I get exasperated when I hear that some schools will not let children play tag in school because being “it” might hurt their self- esteem. In 2015, James Harrison, then of the Pittsburgh Steelers, set off a national debate when he refused to let his children keep participation trophies they had received in school. He wrote on Instagram,
“I came home to find out that my boys received two trophies for nothing, participation trophies! While I am very proud of my boys for everything they do and will encourage them till the day I die, these trophies will be given back until they earn a real trophy. I’m sorry I’m not sorry for believing that everything in life should be earned and I’m not about to raise two boys to be men by making them believe that they are entitled to some- thing just because they tried their best . . . cause sometimes your best is not enough, and that should drive you to want to do better . . . not cry and whine until somebody gives you something to shut you up and keep you happy.”

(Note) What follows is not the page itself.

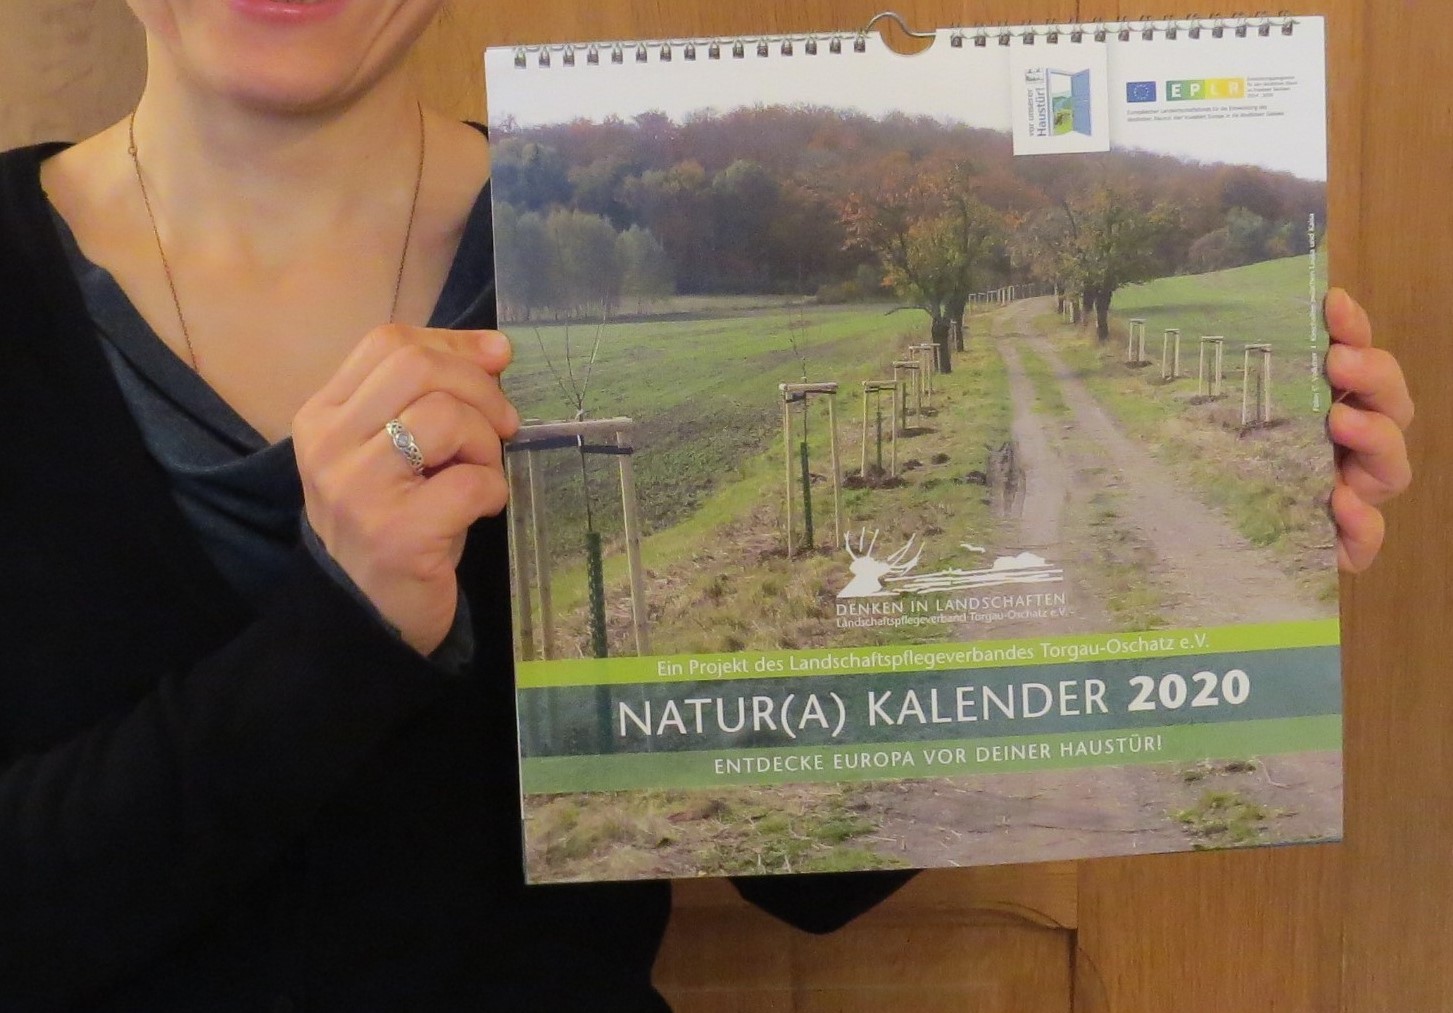 Natur(a) Kalender 2020

I see situations like this and can sympathize with Mr. Harrison’s impatience with our overprotective, even coddling culture. The purpose of this book is to help you continue to drive for success while covering your butt in our current, politically correct (or just overprotective) environment. On your way, I’ll be advising you to do the least you can do. You’ll see what I mean.
The Least You Can Do
“The Least You Can Do,” has two meanings: Either may apply to you. The first meaning is literal. You may believe that the pressure to be more respectful, to go easier on coworkers, or to get along better with others is a lot of PC nonsense. At the same time, you recognize that the recent events in the corporate world, Hollywood, and politics mean that if you continue leading and communicating in the same way, you risk an unhappy or shortened career. You are faced with the dilemma of protecting yourself by changing, although you do not believe you should have to make these changes. In this case, you may only want to literally do the very least you would have to do to protect yourself.

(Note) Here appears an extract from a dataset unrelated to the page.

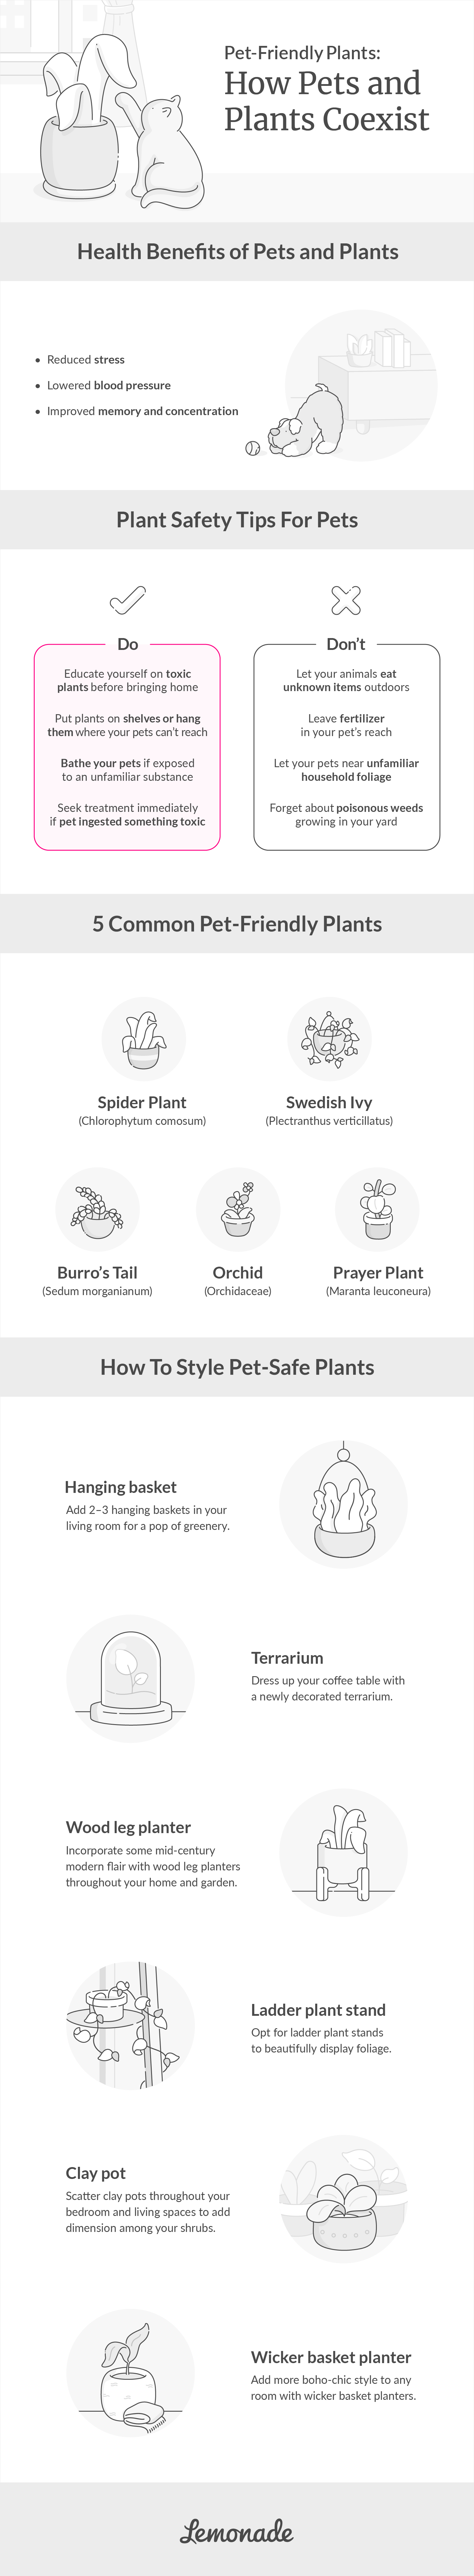 pet-friendly plants: how pets and plants coexist

The second meaning is the pursuit of the morally, ethically, or professionally “right” thing to do. These are actions you would do even if all the pressure disappeared and you received no reward. For example, if someone in a wheelchair asked for help, you would certainly assist them to cross the street. If they offered to pay you, you might say, “Absolutely, not. This was the least I could do.”
If I do my job, you will decide to adopt the mindset and people skills presented in this book because they are the least you can do in this second sense. The good news is that, if you adopt this attitude and these tools, you can be 100% authentic, and you will be even more successful in achieving your goals than you already are. At the same time, you will be seen as tougher than you were seen before.

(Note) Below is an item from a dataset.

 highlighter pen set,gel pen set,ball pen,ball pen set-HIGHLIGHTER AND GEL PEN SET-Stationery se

What makes this book different is the perspective about what it means to be a no-bullshit executive—and a warrior—that I have come to understand as a result of my volunteer work with The Honor Foundation (THF). THF is a nonprofit organization that helps the US Special Operations Forces transition to civilian life. These include the Navy SEALs, the Marine Raiders, the Green Berets, and the Air Force Pararescue men and Combat Controllers.
Because of my work with THF, I am better able to articulate that your warrior spirit is not recognized and appreciated in our current culture. Ultimately, this book is about challenging you to become a better no-bullshit executive. The point is not to convince you to start taking bullshit. It’s to help you become a better warrior.